Task directions: Retype all of the listing exactly, passing over any picture you find.

** Given data follows **

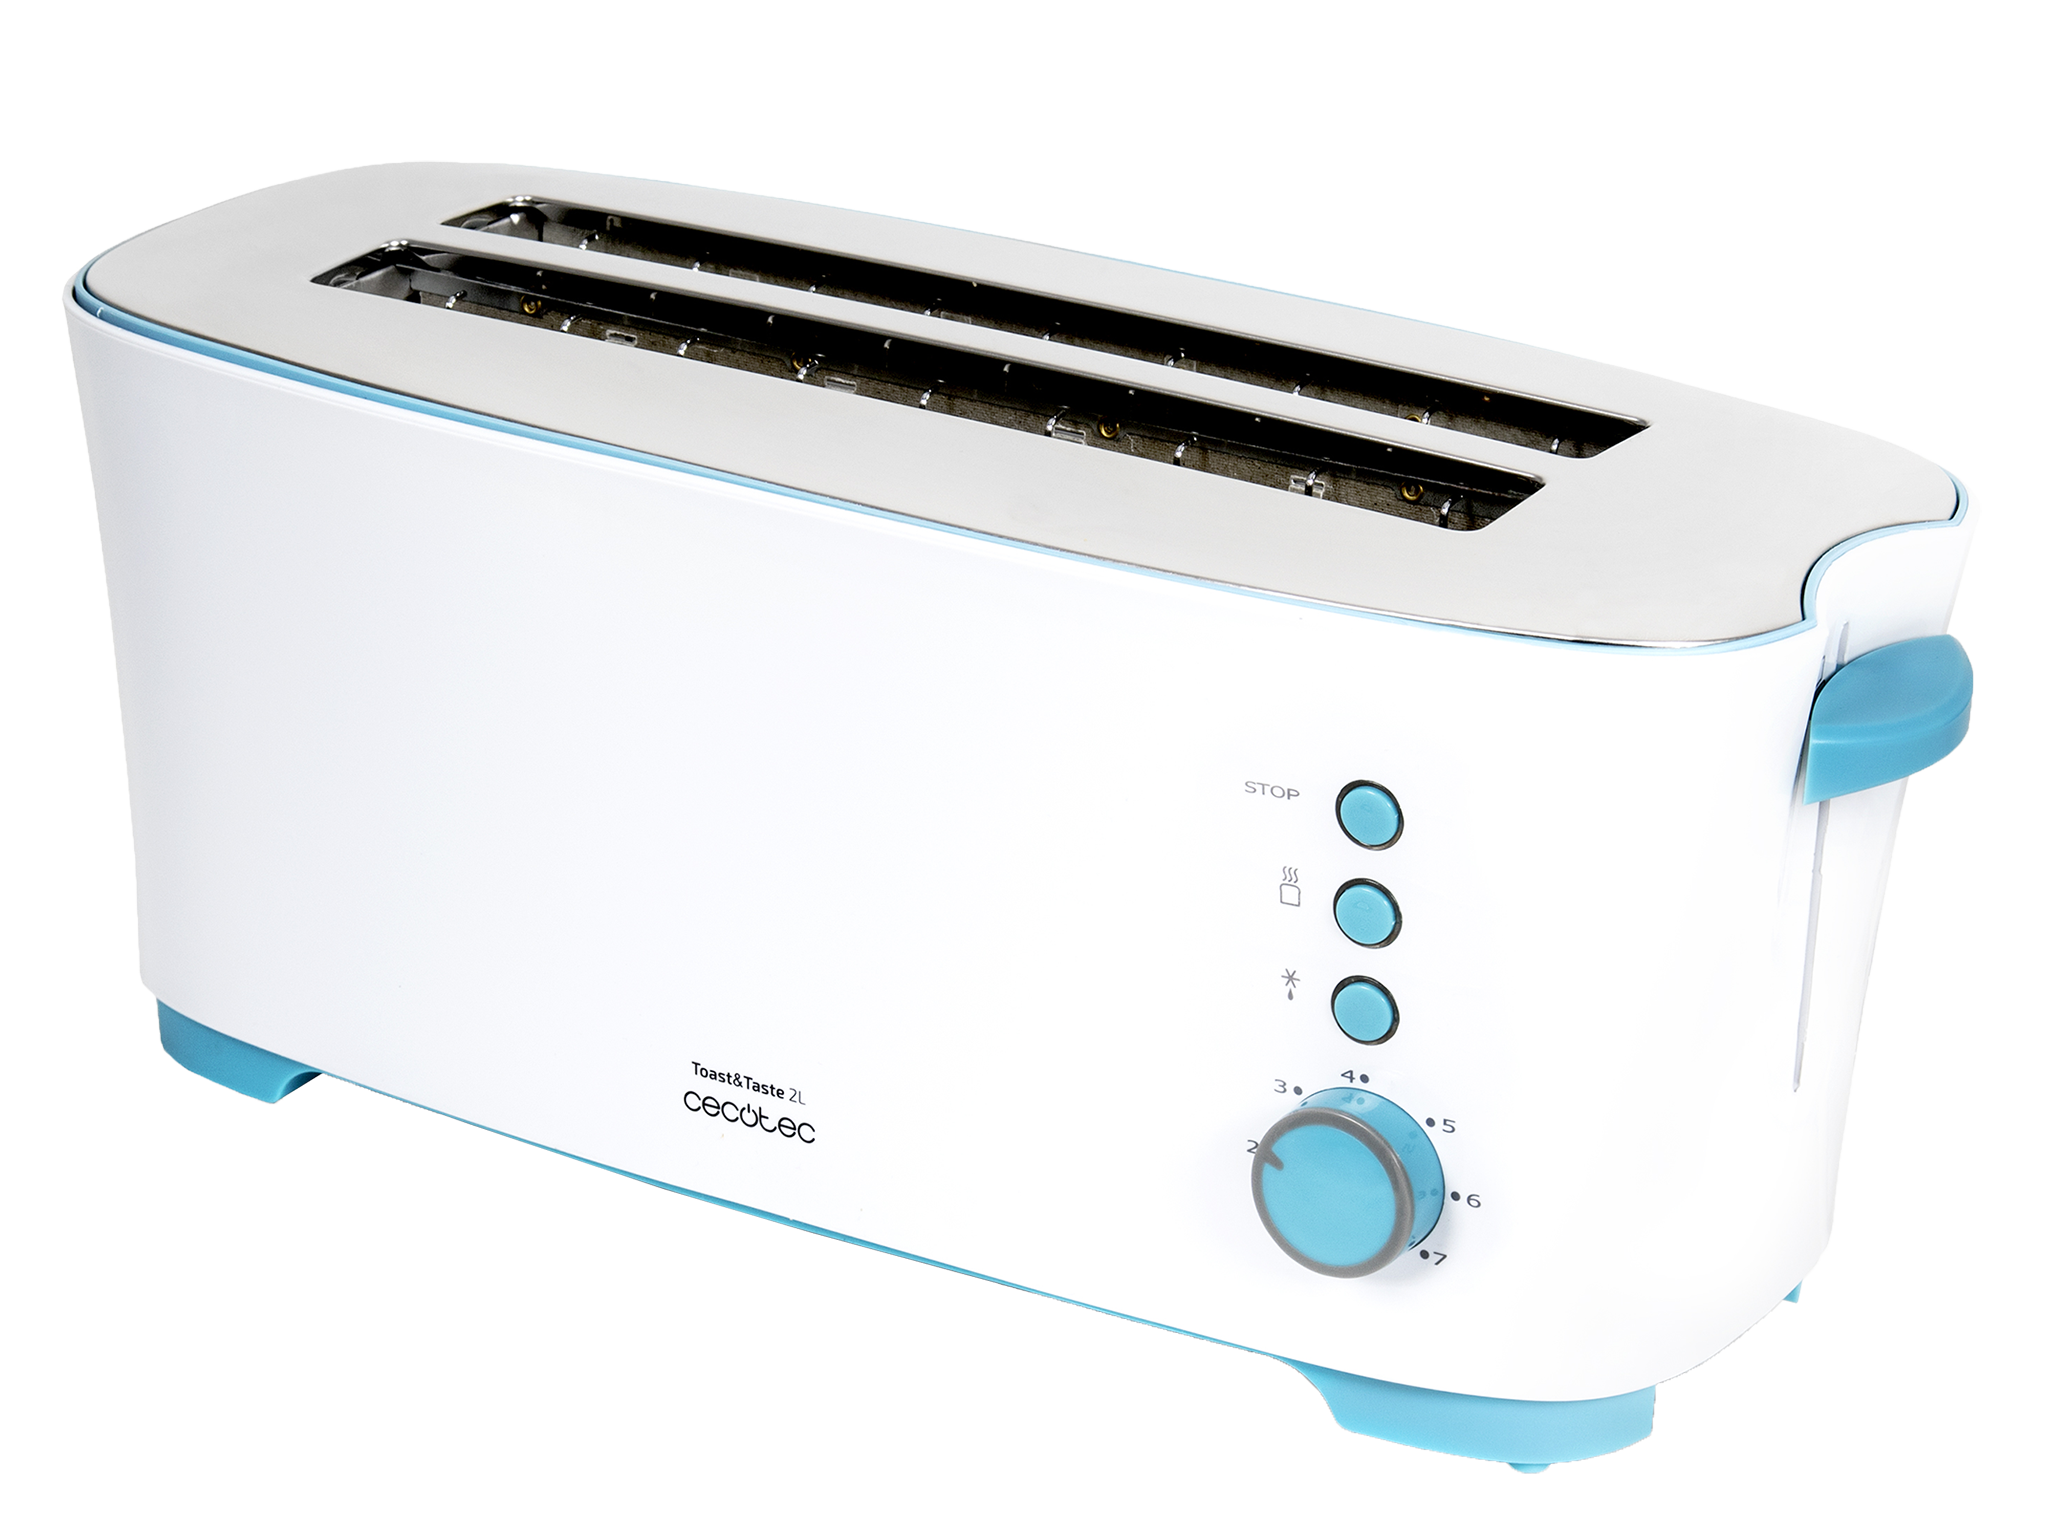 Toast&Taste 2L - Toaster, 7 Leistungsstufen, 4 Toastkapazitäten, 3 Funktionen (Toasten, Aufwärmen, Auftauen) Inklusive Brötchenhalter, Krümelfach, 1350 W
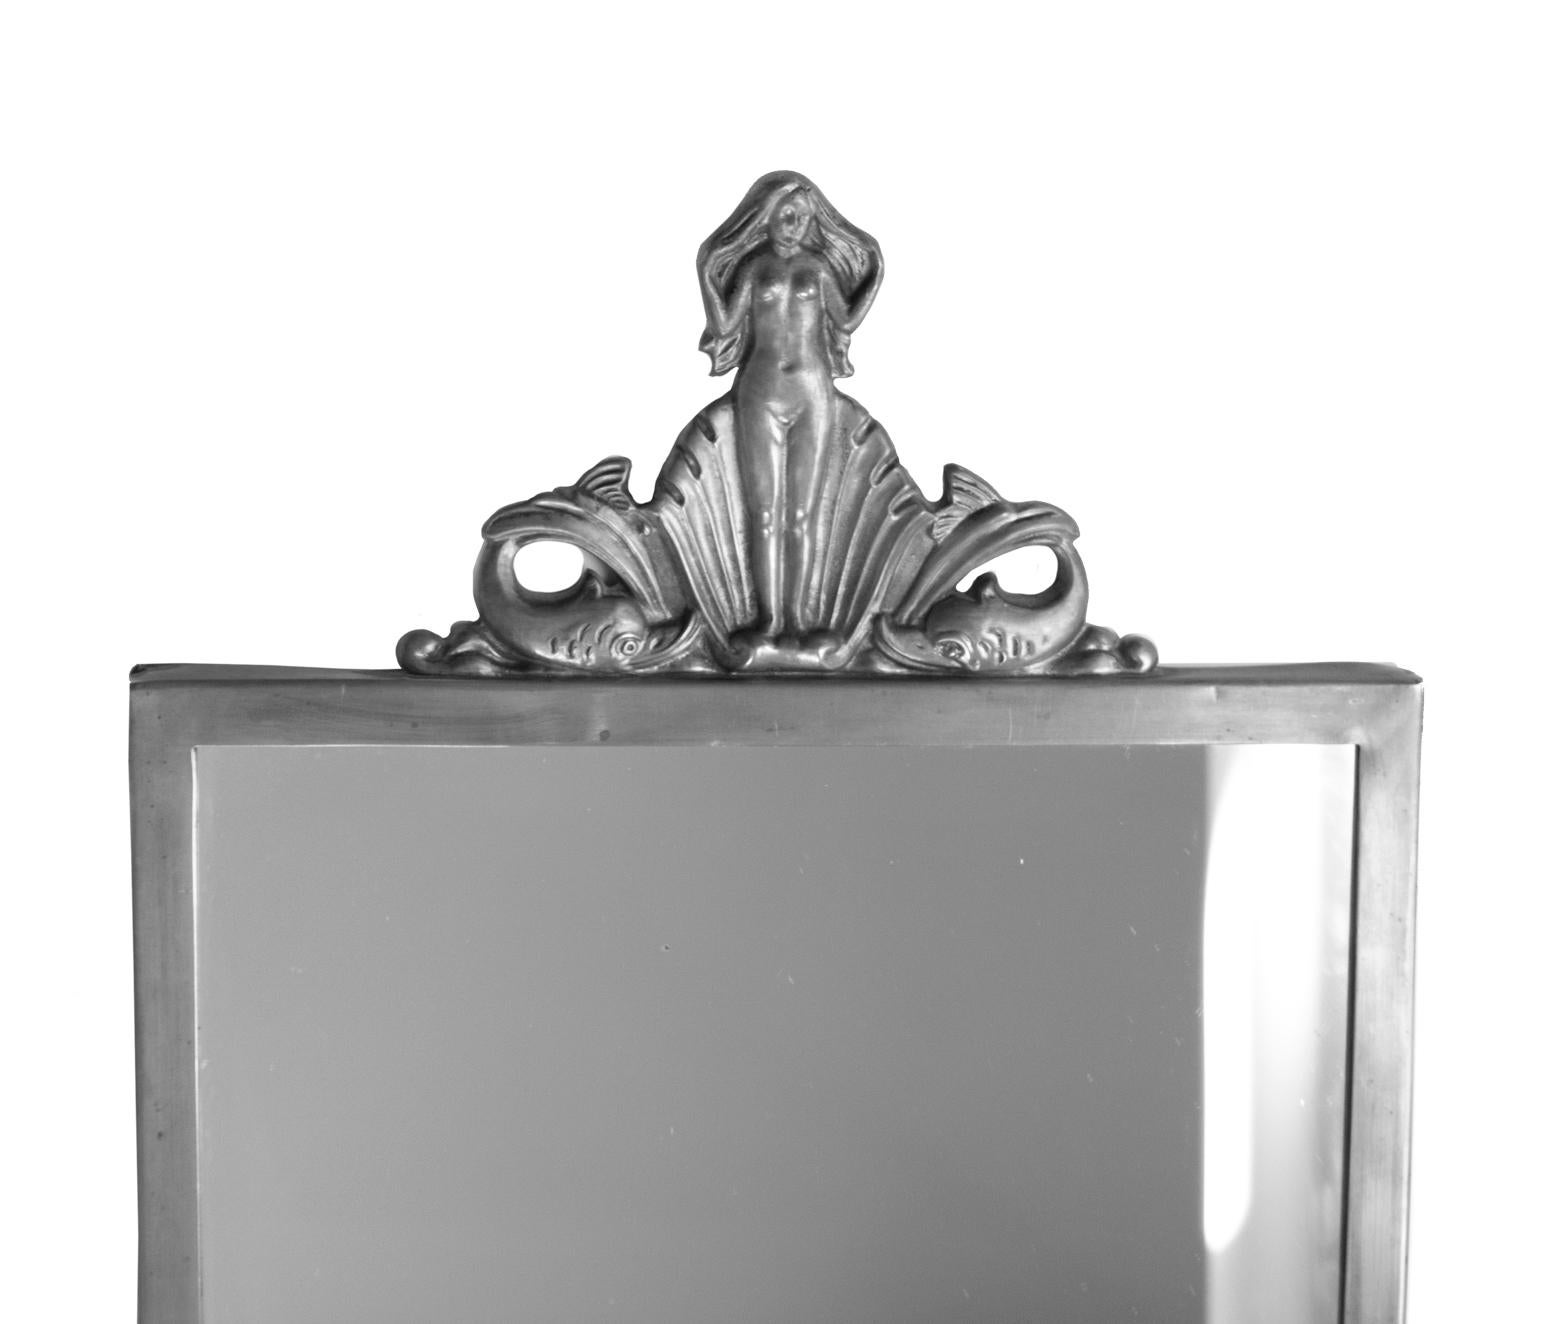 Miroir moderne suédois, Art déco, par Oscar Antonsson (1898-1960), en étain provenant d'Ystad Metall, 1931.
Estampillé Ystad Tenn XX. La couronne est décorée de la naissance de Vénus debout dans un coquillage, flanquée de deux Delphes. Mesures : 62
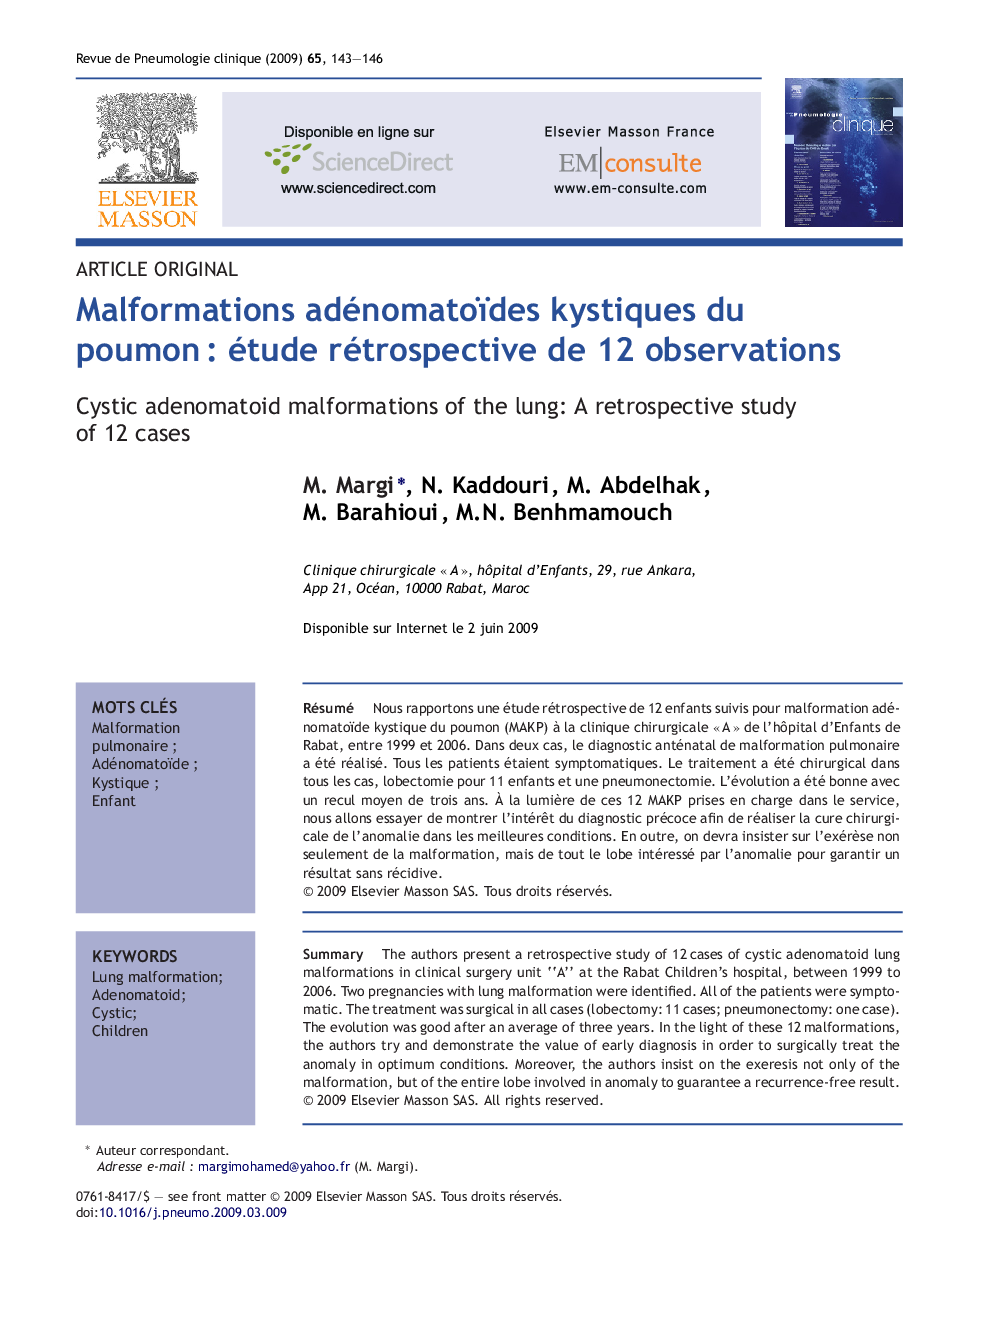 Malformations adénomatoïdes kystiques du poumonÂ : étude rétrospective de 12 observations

** End of Given data **

Solution to the problem:
 Toast&Taste 2L - Toaster, 7 Leistungsstufen, 4 Toastkapazitäten, 3 Funktionen (Toasten, Aufwärmen, Auftauen) Inklusive Brötchenhalter, Krümelfach, 1350 W
 Miroir moderne suédois, Art déco, par Oscar Antonsson (1898-1960), en étain provenant d'Ystad Metall, 1931.
Estampillé Ystad Tenn XX. La couronne est décorée de la naissance de Vénus debout dans un coquillage, flanquée de deux Delphes. Mesures : 62
 Malformations adénomatoïdes kystiques du poumonÂ : étude rétrospective de 12 observations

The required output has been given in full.